In 1857 with the Gallatan, at Smithville (now Southport) a rendezvous noted for its hospitality, gayety and cultural society. There John Maffitt organized a dramatic company, which added much pleasure to the garrison and Fort Johnson.

After a cruise, running down slave and pirate ships, was ordered to sail for New York, touching at Havana, and without funds for the ship's necessities he supplied the funds from his private source, turning the Crusader over to the Navy, but was never reimbursed by the Government.

In 1861 he was suspected as leaning towards the South, resigned from the U. S. Navy, and succeeded in escaping from Washington, though the avenues were well guarded, continued on to Richmond, then to the Confederate Capital at Montgomery, Ala., where he offered his services to Mr. Davis, but was refused as he did not contemplate forming a navy. Disappointed he packed his belongings for Europe. At this junction Robert Tooms, with Ben Hill and others, would not agree to the loss of such a man as he had proven, finally was commissioned as Lieutenant, ordered to report to Commodore Tatnell at Savannah. General Beauregard invited him to join his staff but the Secretary of War refused permission.

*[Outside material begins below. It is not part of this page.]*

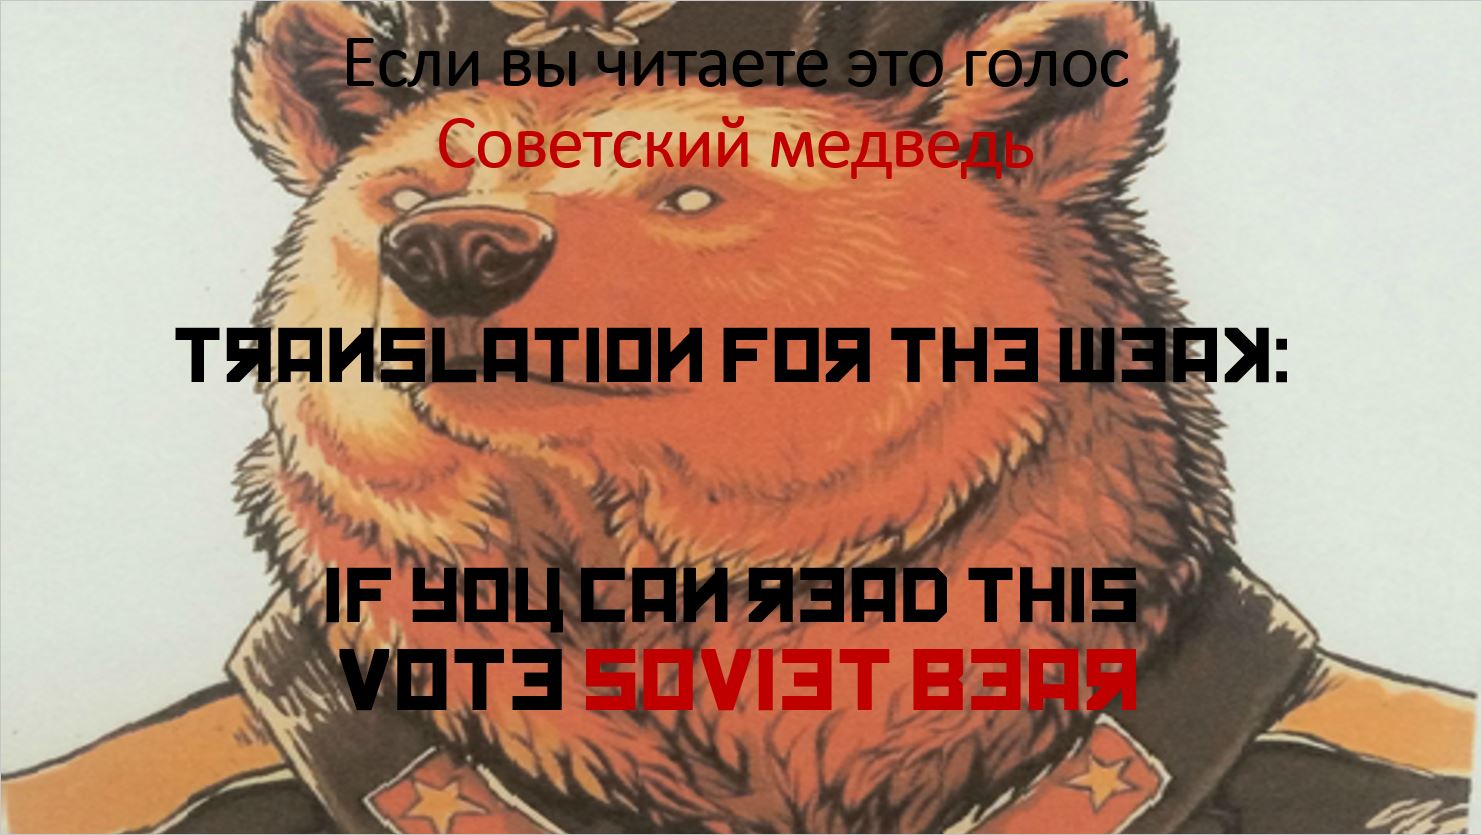 Soviet Bear 9

April 1861, Mr. Lincoln proclaimed a blockade of all Southern ports. This was “hardly better than a paper blockade,” as the Parish Congress of 1856 had ruled that a blockade, to be binding, must be effective, and the Union with only four war ships then available, and concentrated them at the main ports of the Confederacy.


To relate the complete story of Capt. John Newland Maffitt's career would fill a book of many pages, hence we will confine the story of his ship, the Florida, named after his daughter, who accompanied her gallant father upon some of his marvelous exploits. Confronted with a crew down with yellow fever, the duties of care and nursing fell upon him. He brought the Florida at anchor off Cardenes, the crew reduced to a single engineer and two seamen. Maffitt himself was overcome. He finally recovered and sailed for Havana. Still unable to secure supplies, he sailed for Mobile, a perilous undertaking. He hoisted the English colors, but the U. S. Ship Oneida ignored them, and followed by two other vessels, poured a terrible fire into the Florida, so that every hope of escape fled from Maffitt's mind. Everything then depended upon the engine and engineer, but his determination to enter Mobile was accomplished. Lowering the English colors, he then hoisted his own colors.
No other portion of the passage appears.